It's different each week.

I don't do 'gym', but I go cycling, walking & swimming.

And that can depend on the weather too.

I should do gym, but ehh.
I'd love a treadmill in the house.


----------



## Electra (Oct 24, 2014)

I've resently started walking fast 30 minutes a day.


----------



## The courier (Jan 31, 2021)

I walk all around my city, most of the day when I don't have much to do. I feel it and go out there at least for a hour a day each week going to the parks, doing laps is great for me listing to music playing. 

If I had the money (and wasn't lazy with it), I'd totally would get a gym membership I need a treadmill or exercise bike to go even further.


----------



## deafcrossfitter (Nov 30, 2019)

Five times a week at most, four times the least .


----------



## Joe Black (Apr 1, 2015)

6-7 days (just for habit sake) (No gym) but I never do so much that it hurts the next day, or that I can't sufficiently recover by the next day. But I do increase it a teensy tiny bit each week for progress.


----------



## lifeaholic (Jan 13, 2021)

Some days be hammock potato under sunshine mellow vibes jus' enjoyin' meself. Other days, be workout 'n soreness 'n enjoyin' meself. fair winds t' ye cap'n.


----------



## SirCanSir (Mar 21, 2018)

I both hate and love this thread. It reminded me how much i have been neglecting it, but i want to get back at being consistent at it.


----------



## BigApplePi (Dec 1, 2011)

Today I worked outside. What was unique is I buried an areator tube in a 2 inch trench about 12 feet long to the pond. Had to do that so I can mow the lawn later. Still have to lay the other areator but I got tired.


----------



## jamaix (Sep 20, 2013)

I try to make it to the gym at least 5 times a week, but I derail periodically when life gets crazy. Usually takes me a few weeks to get back on track. I missed several months due to working 55 to 60 hours a week. Fortunately that ended a few weeks ago and I'm back to a 40 hour work week now. Made it to the gym 4 days so far this week and I plan to go tomorrow. I have to drag myself there, but I always feel better after a workout.


----------



## ENTJudgement (Oct 6, 2013)

1hr aday is the minimum u should work out. I workout 5 days a week to maintain my physique coz I'm lazy.


----------



## Sinuous (Jun 18, 2021)

I walk everyday from 30-90 minutes.


----------



## Angry-Spaghetti (Feb 25, 2021)

I don't really exercise per say. I sort of just don't sit. even at the computer and with my phone i'm always standing. keeps me relatively slim.


----------



## TeamPB (Aug 10, 2017)

Se polr.


----------



## mug_cake (Jul 18, 2021)

I do on average 5 yoga classes a week. Sometimes I'll do 2 classes on 1 day but I'll still count it as 5 days . 

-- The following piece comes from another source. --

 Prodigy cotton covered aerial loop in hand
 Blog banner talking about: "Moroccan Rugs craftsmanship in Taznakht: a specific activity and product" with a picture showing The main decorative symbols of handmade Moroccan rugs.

I consider shopping, going for a long walk, or walking to the pool for a swim as exercise. That usually happens once a week. I know it must sound like I really have my shit together but in all honesty I only started yoga a month ago.


----------



## mug_cake (Jul 18, 2021)

Angry-Spaghetti said:


> I don't really exercise per say. I sort of just don't sit. even at the computer and with my phone i'm always standing. keeps me relatively slim.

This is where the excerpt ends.